The most popular tools use Javascript to display all the sites in a popup: Add to Any, AddThis, and ShareThis. Speaking in terms of pure function, these tools are great: they make sharing functionality readily available without cluttering up the display.

However these JS-based bookmarkers possess some significant downsides. First and foremost are the performance concerns. These tools are all stored remotely, and get loaded on your page as a javascript include. Here’s an example of the code from ShareThis:

<script src="http://w.sharethis.com/button/sharethis.js#tabs=web%2Cpost%2Cemail&amp;charset=utf-8&amp;style=default&amp;publisher=abc123" type="text/javascript"><!--mce:0--></script>

Pay attention specifically to src="http://w.sharethis.com/button/sharethis.js[...]". It’s just a normal URL, like any page you visit. This means that each time the page is loaded, the user’s browser goes off to retrieve a copy of the javascript required to display the button. Aside from the obvious bump in bandwidth usage, they can cause an obvious delay in page loading. Worse, if the service is experiencing any kind of slowdown or outage, including these services can cause your site to hang and timeout. And these services do hang on a regular basis. I’ve seen it last so long on my own blog that I’ve had to disable to the plugin until service returned. That the delay is not your fault does not matter; it slows your page down, making you the laggard in the eyes of users. Not good.

But while these services are not focused on reliability and uptime, they do spend an awful lot of time on data collection/aggregation, legal, and advertising. None of these are good for you, the site owner. All activity surrounding the button on your site is tracked. They can partner with ad networks, packaging in extra ad cookies when the button is served up. Aside from the privacy issues, this again increases bandwidth. Imagery — specifically the branded icons of each service — are copyrighted, making them subject to usage restrictions and leaving you open to dealing with pain-in-the-ass take-down requests. Update: Per conversation with Add to Any Founder Pat Driven in the comments, Add to Any actually avoids this type of language entirely, limiting all their legal jargon to a plain-speak Privacy Policy.

To be clear, there’s nothing inherently wrong with any of this. These are businesses, they provide a service and have to make money to stay alive. However I think the vast majority of users just want the fancy javascript popup, everything else is excess baggage.

Enter iBegin Share, a free, open source alternative for javascript-powered bookmark sharing. Instead of going offsite to retrieve code at each page load, iBegin Share runs locally on your site, saving you bandwidth and decreasing load time. iBegin Share tracks usage like its corporate counterparts, but that data is stored in your database and used for your own data tracking purposes only, saving more bandwidth (since it doesn’t have to communicate back) and your privacy.
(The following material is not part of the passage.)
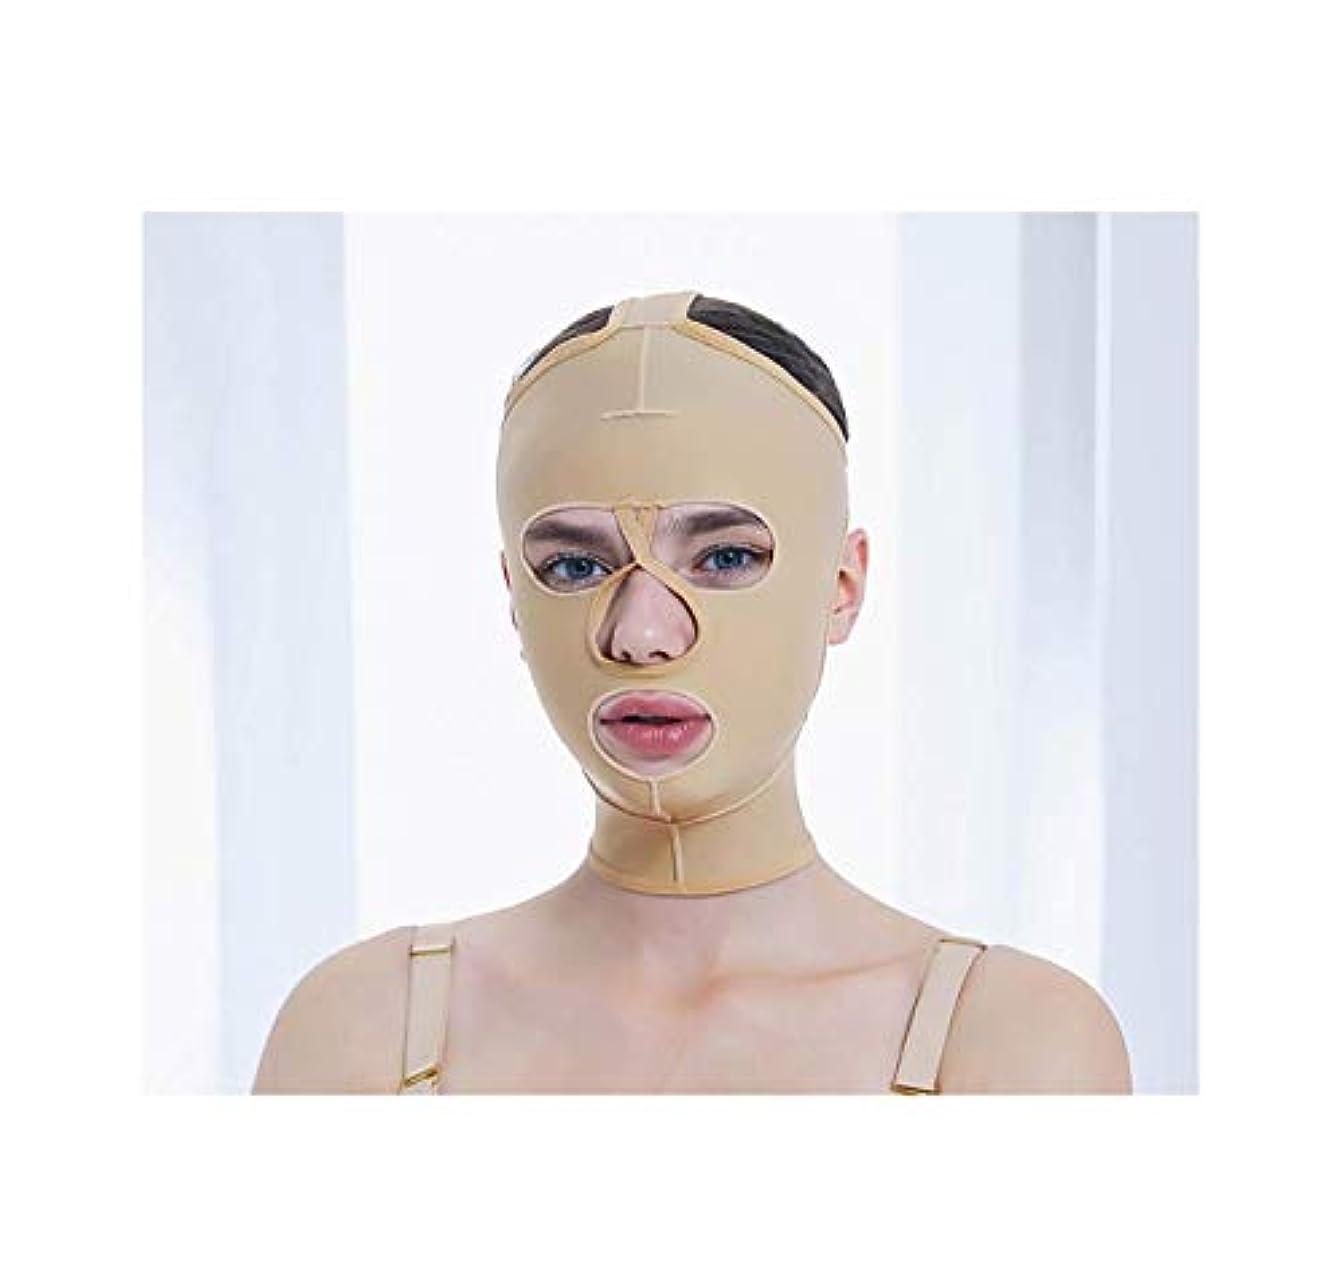 終わった喉頭ラウンジフェイス&ネックリフト、減量フェイスマスク脂肪吸引術脂肪吸引整形マスクフードフェイスリフティングアーティファクトVフェイスビームフェイス弾性スリーブ(サイズ:XS),Xl
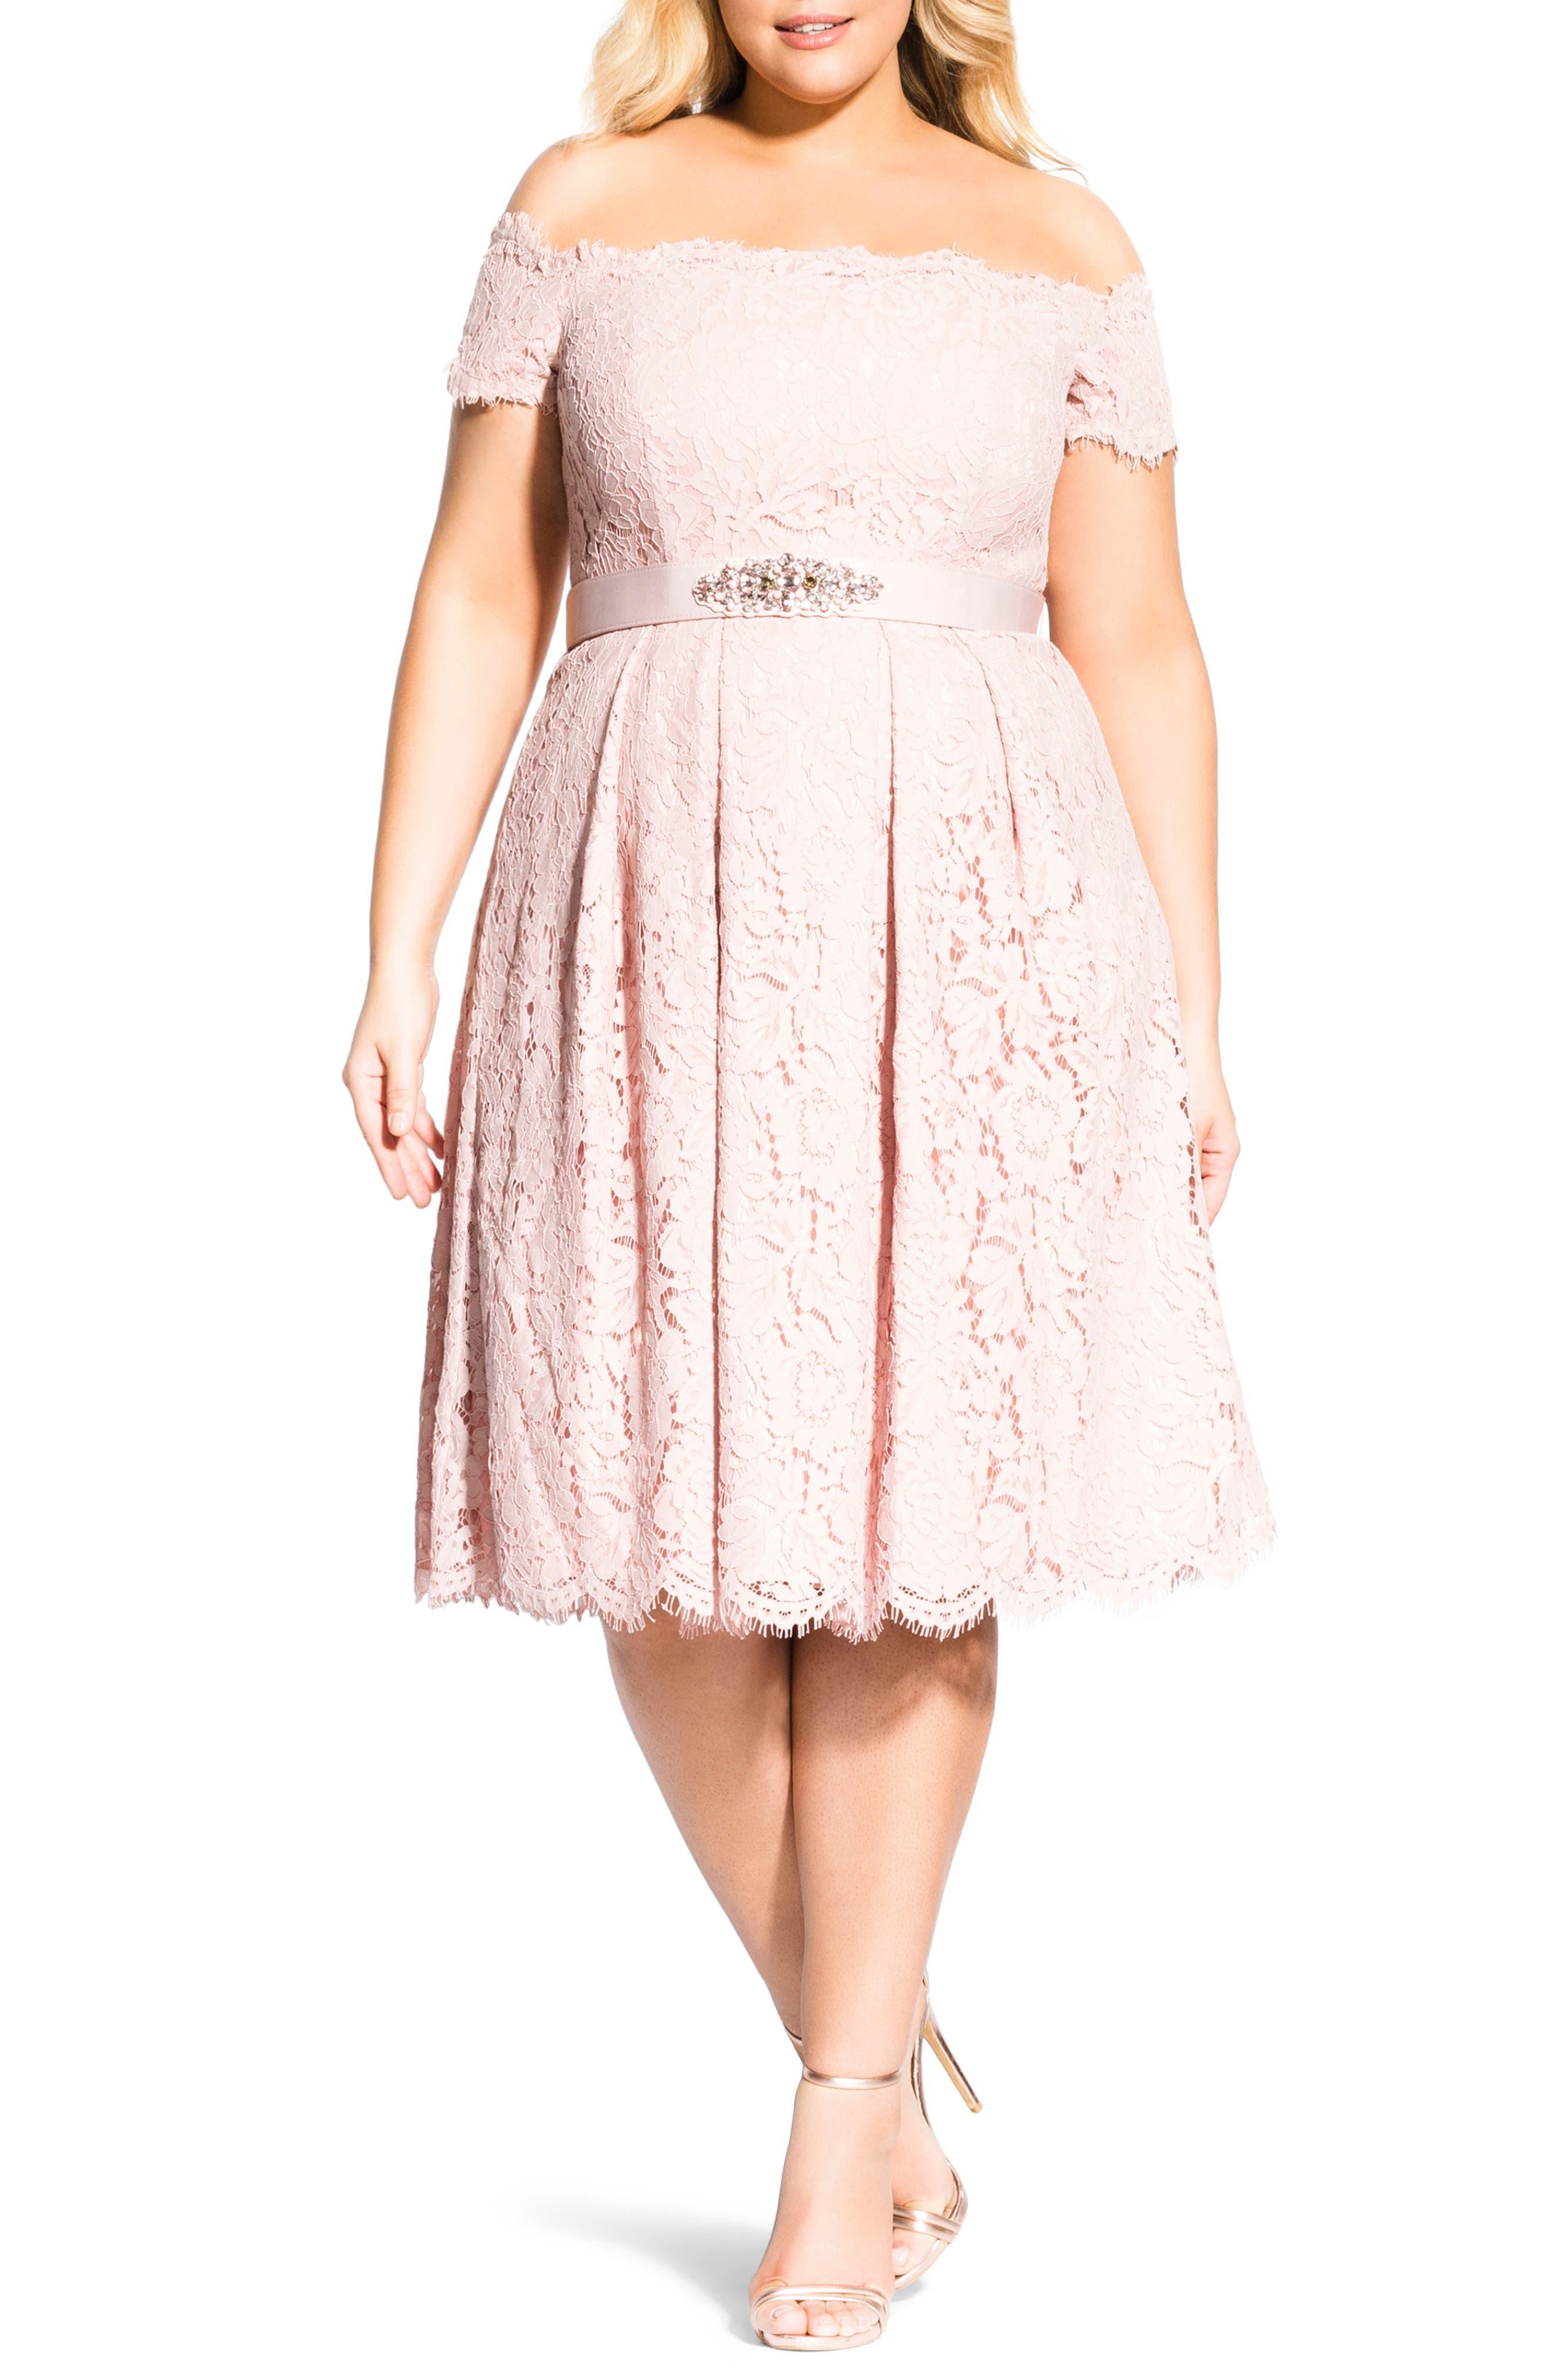 Plus Size City Chic Off The Shoulder Lace Dreams Dress, Pink

Finally, since its open source you can modify the code any way you want: change the look, layout, color scheme — the tool includes 4 preset color schemes, plus an option for text vs. button link — even add totally new share options. A WordPress plugin version is available.

On the downside, external documentation is pretty thin at the moment, but the code is well-commented. There is also a forum, but activity there is rather limited right now — a discussion on a seemingly common issue started earlier this month has yet to receive any official word. So you’re on your own with any heavy customizing or problems, but I suppose that’s the tradeoff for eliminating any third party eyes poking around your traffic. Assuming it works as advertised, I’d argue that it’s a far better deal than the other tools, even without any customization ability.

If you decide to give iBegin Share a shot, or if you’re using it already, I’d love to hear how it’s working for you. Please share your experiences in the comments.